Scan the records below for the line with "Plus size woman, facing" and the line with "King Henry VIII", and retype that range exactly, both ends included, pictures excepted.

INFORMATION:
┄┄┄┄┄┄┄┄┄┄┄┄┄┄┄┄┄┄┄┄

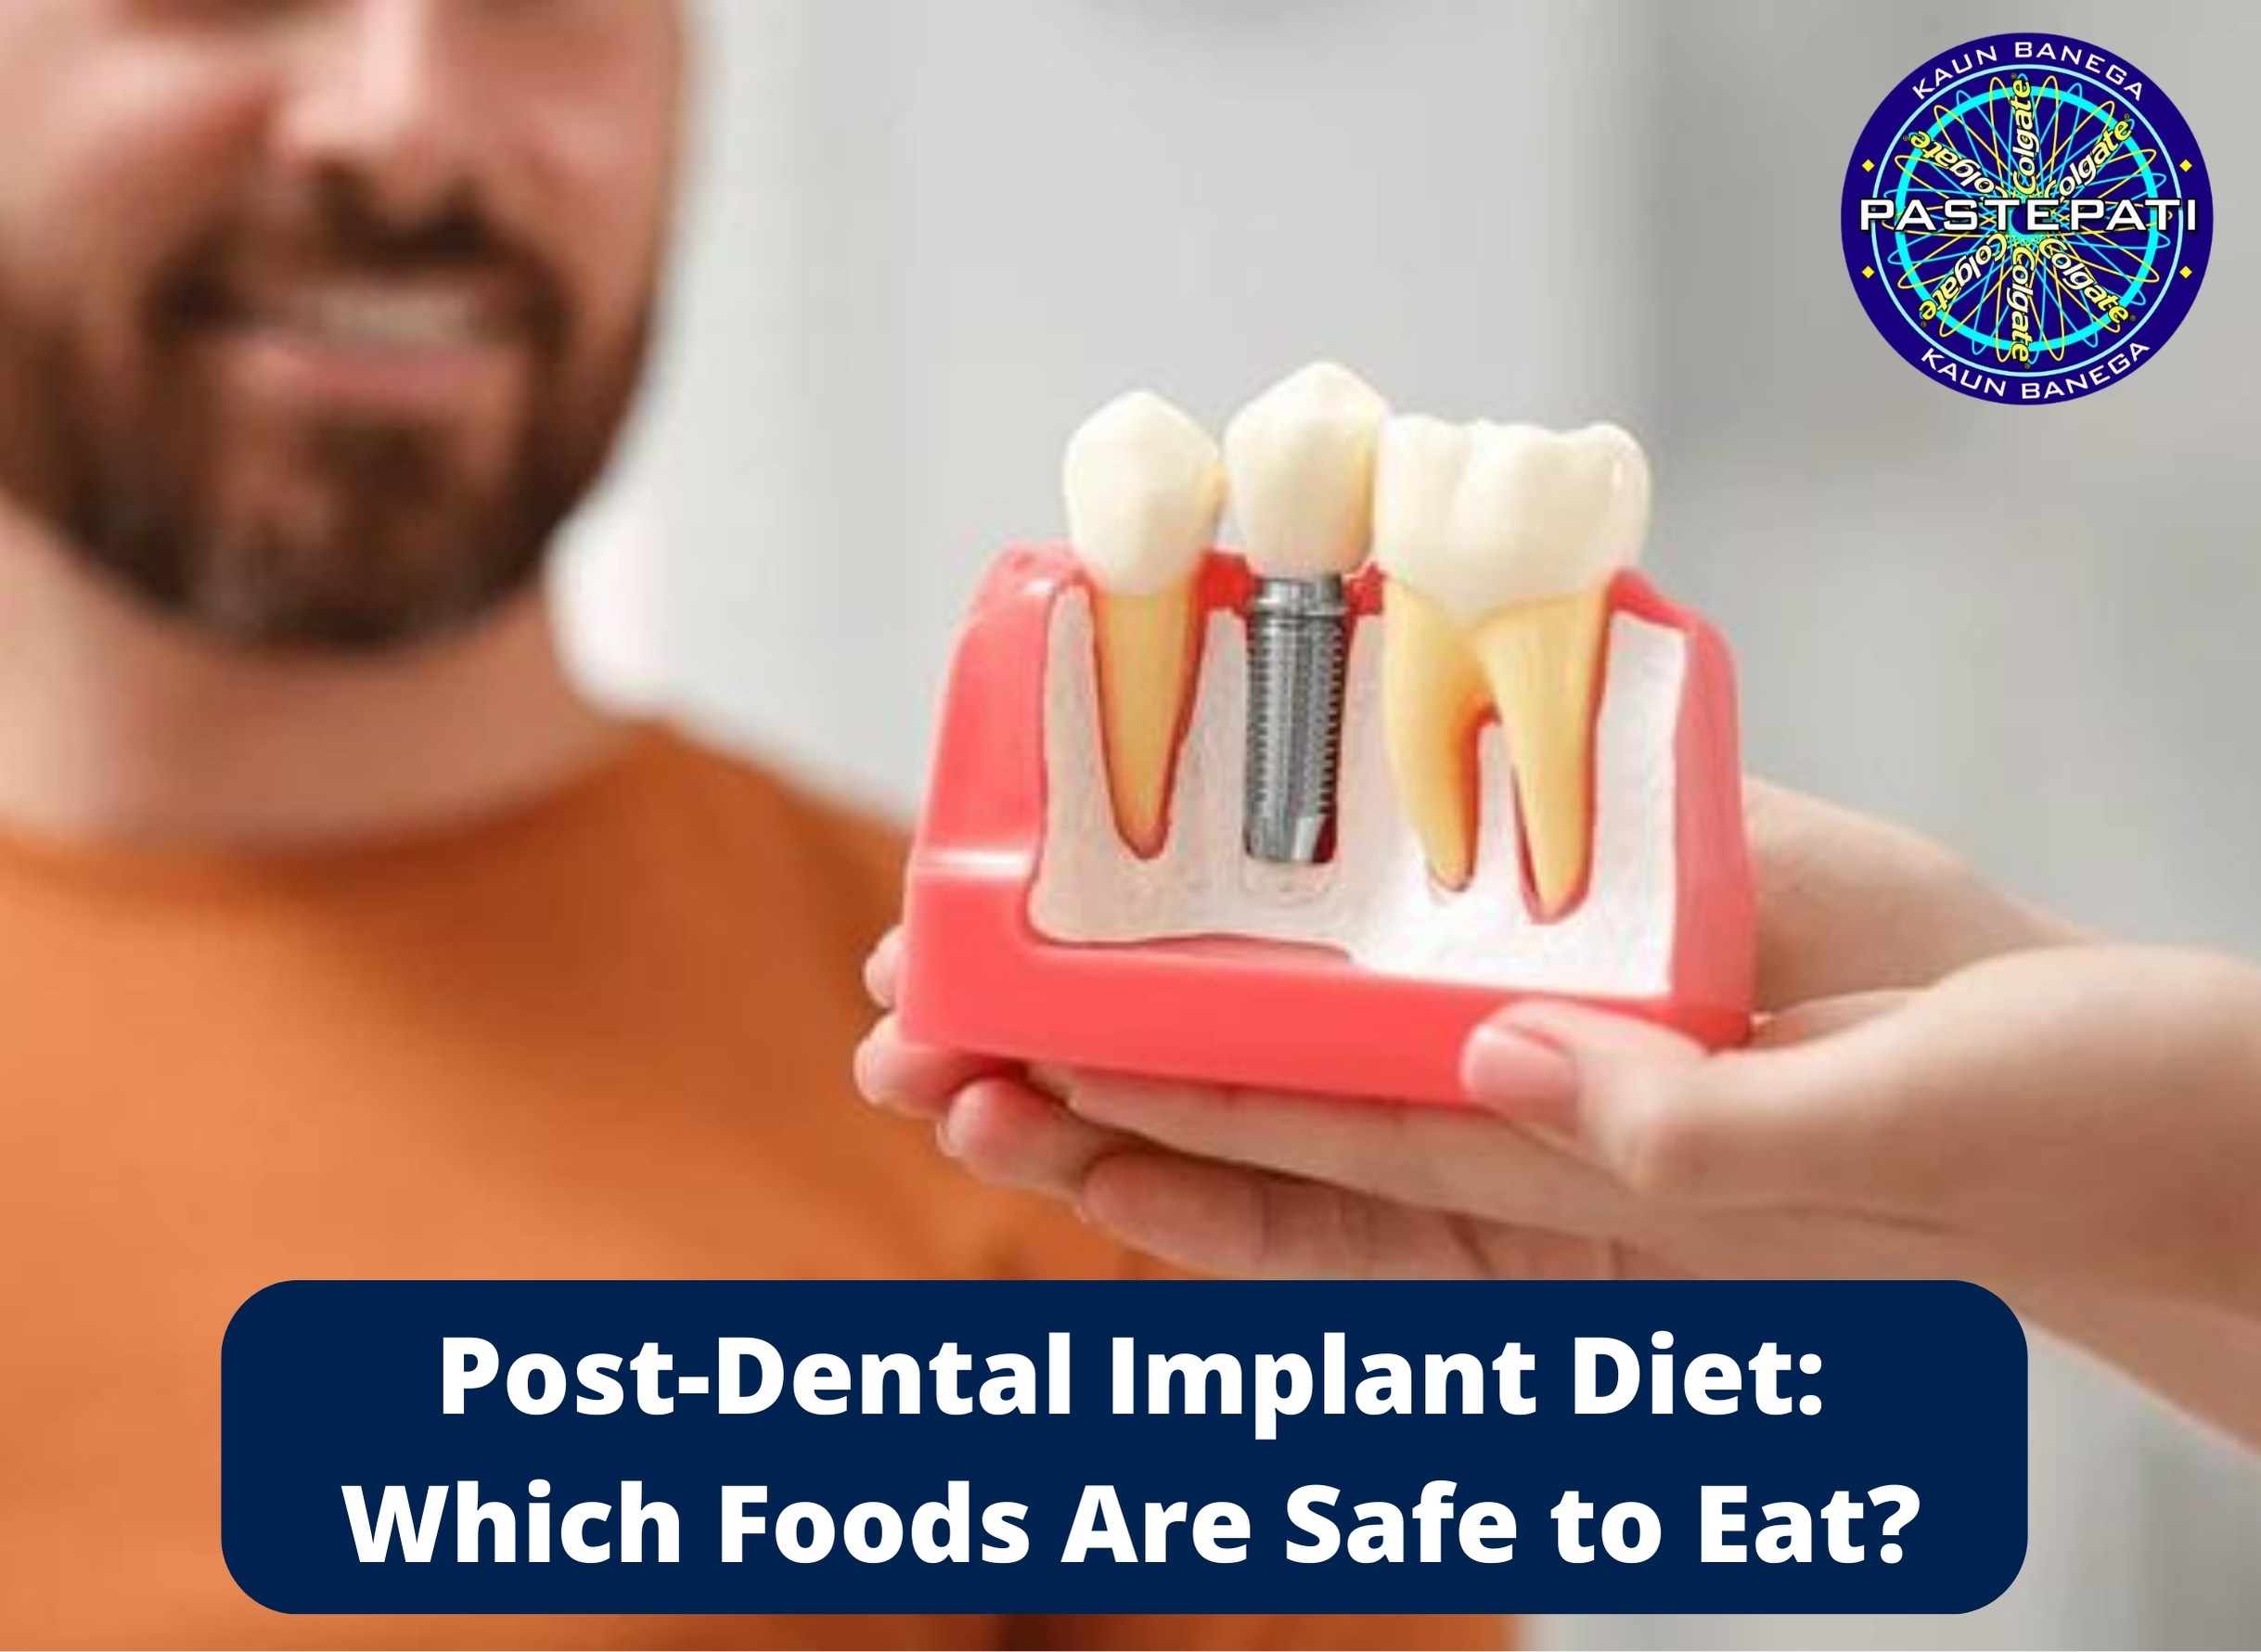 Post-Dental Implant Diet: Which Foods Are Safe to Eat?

┄┄┄┄┄┄┄┄┄┄┄┄┄┄┄┄┄┄┄┄

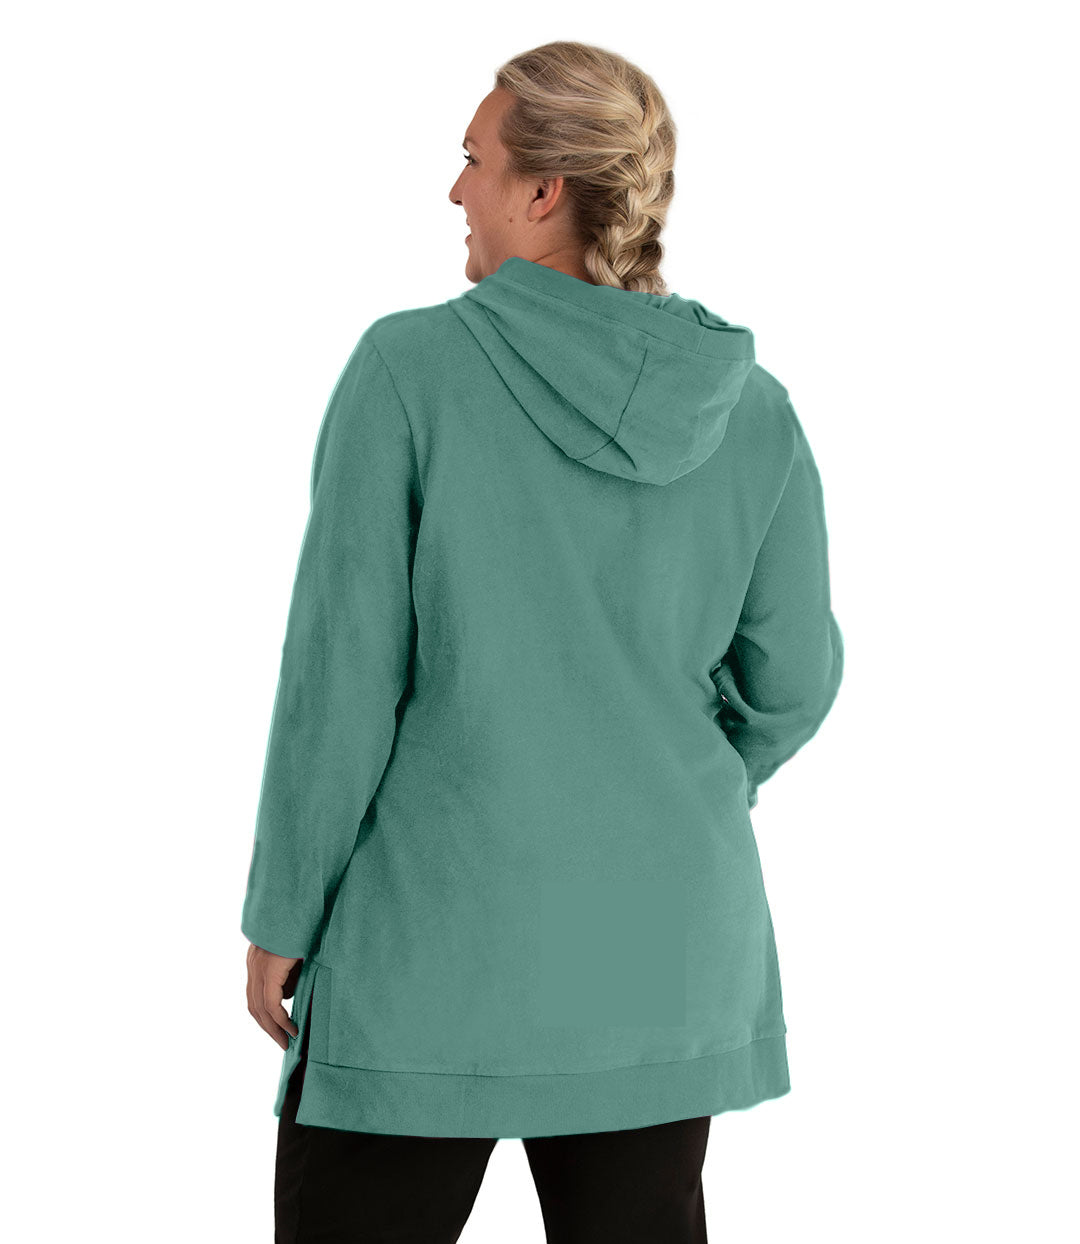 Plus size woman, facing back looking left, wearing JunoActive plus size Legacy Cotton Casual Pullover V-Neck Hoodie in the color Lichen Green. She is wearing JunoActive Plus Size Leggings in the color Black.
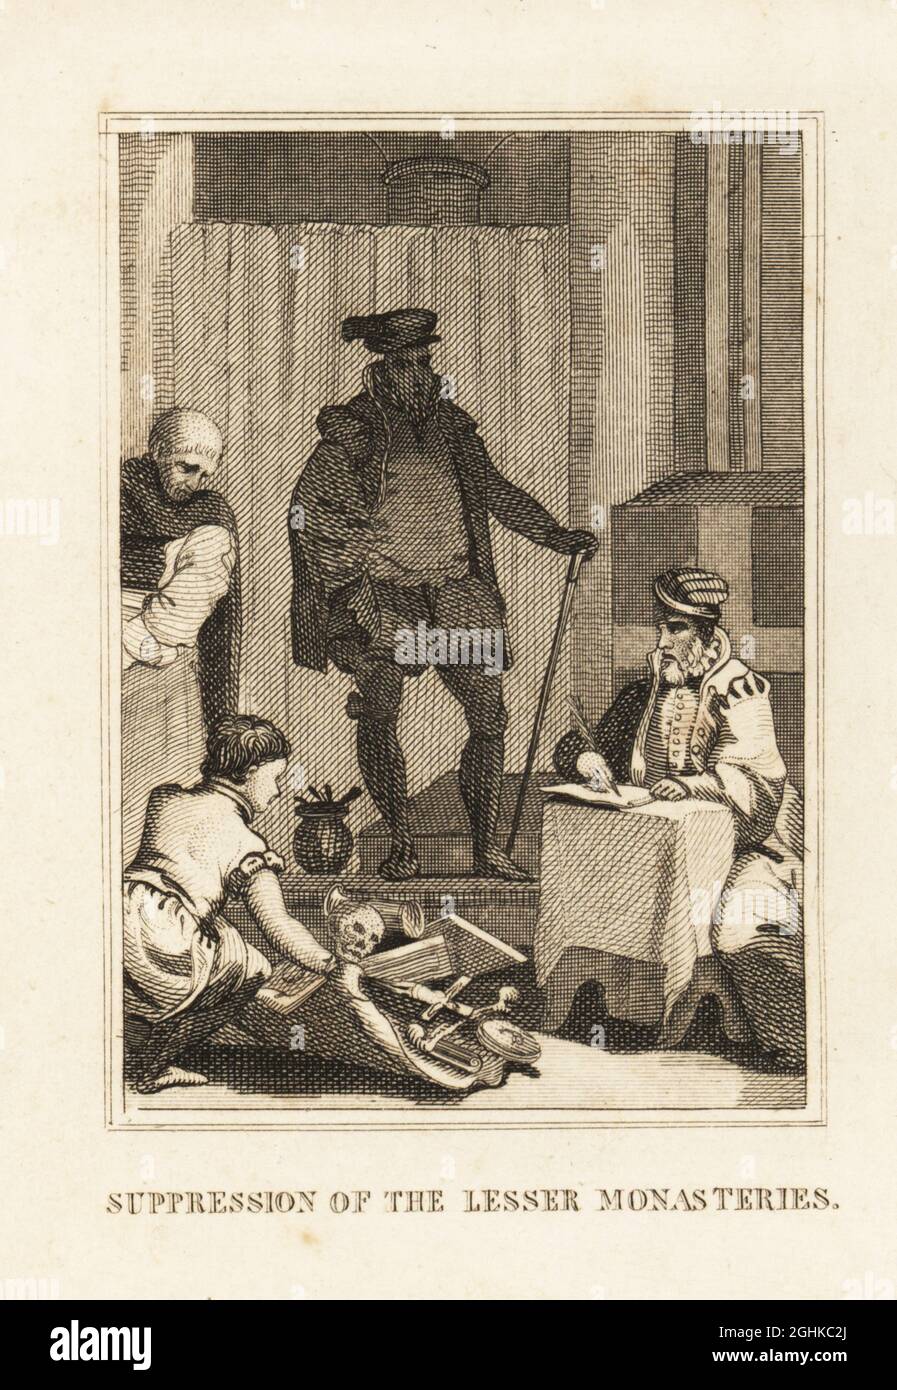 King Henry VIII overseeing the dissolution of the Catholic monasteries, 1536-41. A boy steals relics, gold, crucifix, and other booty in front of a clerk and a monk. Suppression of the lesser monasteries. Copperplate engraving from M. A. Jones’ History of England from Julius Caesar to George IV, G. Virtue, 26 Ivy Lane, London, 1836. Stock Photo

┄┄┄┄┄┄┄┄┄┄┄┄┄┄┄┄┄┄┄┄

SOLUTION:
 Plus size woman, facing back looking left, wearing JunoActive plus size Legacy Cotton Casual Pullover V-Neck Hoodie in the color Lichen Green. She is wearing JunoActive Plus Size Leggings in the color Black.
 King Henry VIII overseeing the dissolution of the Catholic monasteries, 1536-41. A boy steals relics, gold, crucifix, and other booty in front of a clerk and a monk. Suppression of the lesser monasteries. Copperplate engraving from M. A. Jones’ History of England from Julius Caesar to George IV, G. Virtue, 26 Ivy Lane, London, 1836. Stock Photo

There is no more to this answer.